Lisée discute de la question linguistique
Montréal et Laval sont au cœur de la tempête, mais ça ne veut pas dire qu’il ne se passe rien ailleurs. Comment s’assure-t-on de faire un ménage complet?
La Commission a un mandat assez large et l’UPAC aussi. L’UPAC est très présente dans la couronne nord, par exemple. On constate que depuis le 4 septembre, il y a une accélération du nombre de perquisitions et d’actions. Est-ce que c’est parce qu’ils comprennent que nous ne les bloquerons pas et que la volonté de notre gouvernement de trouver les coupables est très claire? Je ne sais pas. Mais je suis très content de l’amélioration de la cadence de leur travail. On parle de Laval et de Montréal, mais ça va bien ailleurs. Ça va super bien à Longueuil, par exemple.
La mairesse de Longueuil Caroline St-Hilaire s’en tire bien. Est-ce qu’elle bénéficie du fait qu’elle ne soit là que depuis 2009? Est-ce important de limiter le nombre de mandats des maires?
La proposition qu’on soumet à la consultation actuellement est de limiter à trois les mandats des maires des grandes agglomérations. Certains maires sont contre, mais on va faire le débat. C’est une bonne chose de poser la question. C’est sage.
Vous menez une opération séduction sans précédent pour un gouvernement péquiste auprès de la population anglophone. Est-ce parce que vous êtes minoritaires?
Non. J’ai toujours pensé ça.
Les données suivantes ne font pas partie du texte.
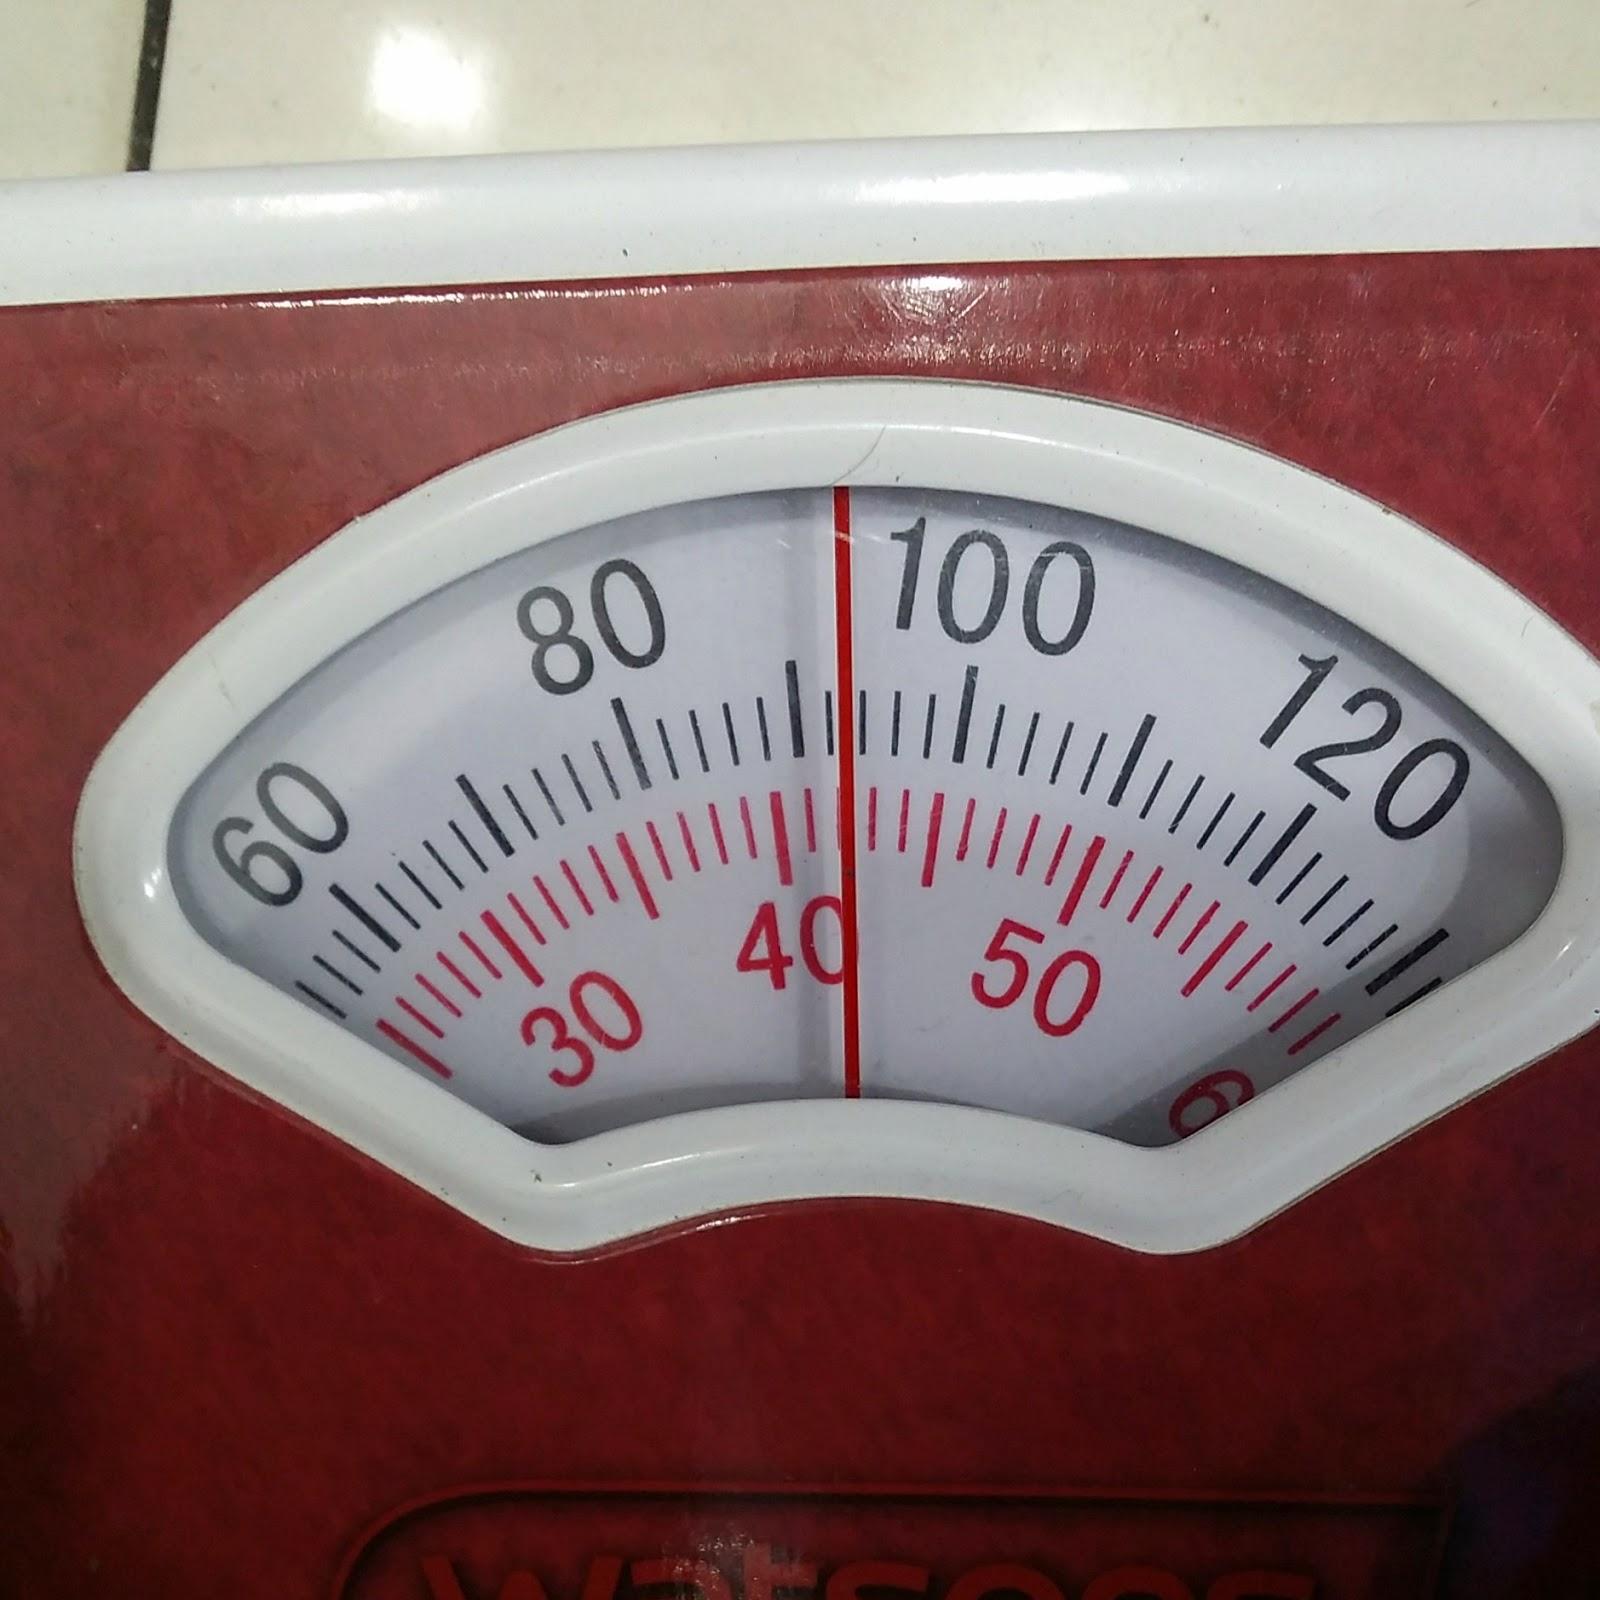 Cara mengurangi berat badan gimana y?

Je le pensais alors que j’étais conseiller de Lucien Bouchard dans un gouvernement majoritaire, j’écris sur la question depuis les années 2000 et j’en avais discuté avec Mme Marois avant les élections alors qu’on souhaitait être majoritaire, donc ça n’a rien à voir.
Quel est votre message à leur endroit?
Je pense qu’à Montréal, on est à une étape de notre développement linguistique où il faut dire plusieurs choses qui n’ont pas été dites assez clairement avant. Premièrement, c’est que la crainte du déclin linguistique des francophones n’est pas due à la communauté anglophone. Il faut reconnaître l’extraordinaire investissement des anglophones depuis 25 ans dans l’apprentissage du français. Ils sont 80 % maintenant à être bilingues. Je trouve bizarre, en ce sens, que des grandes institutions, comme la Banque Nationale l’an dernier, choisissent un unilingue anglais comme cadre supérieur. Je trouve que ce n’est pas sympathique envers les anglophones bilingues de Montréal. C’est leur dire que leurs efforts n’ont servi à rien.
Deuxièmement, le déclin du français à Montréal est d’abord dû au fait que les familles francophones quittent pour la banlieue et, ensuite, à la composition linguistique des immigrants qui était imprudente avec les gouvernements précédents. C’est là-dessus qu’il faut travailler. La nouvelle loi 101 ne vise pas les anglophones montréalais; elle vise à induire les immigrants allophones vers le français. Les anglos pensent souvent qu’ils sont la cible. Ils l’ont déjà été, mais aujourd’hui, ce n’est plus le cas.
Est-ce que l’accès à l’habitation est la véritable solution pour sauver le français à Montréal?
Absolument. On se rend compte que les jeunes familles qui veulent avoir accès à un premier logement voient le différentiel de prix avec la banlieue. Même ceux qui seraient près à assumer ce différentiel ne trouvent pas l’offre : la troisième chambre, la quatrième chambre.
Mais ce ne sont pas seulement les familles francophones…
Non, mais si sur dix familles qui quittent, il y en a sept de francophones, on va pouvoir en retenir sept sur dix. C’est sûr que les politiques qu’on va développer seront pour toutes la familles de l’île. Par exemple, les commissions scolaires anglophones de l’île sont très favorables à ces politiques, parce que leurs familles quittent aussi pour la banlieue. On considère qu’en bout de ligne, ces actions seront favorables au français.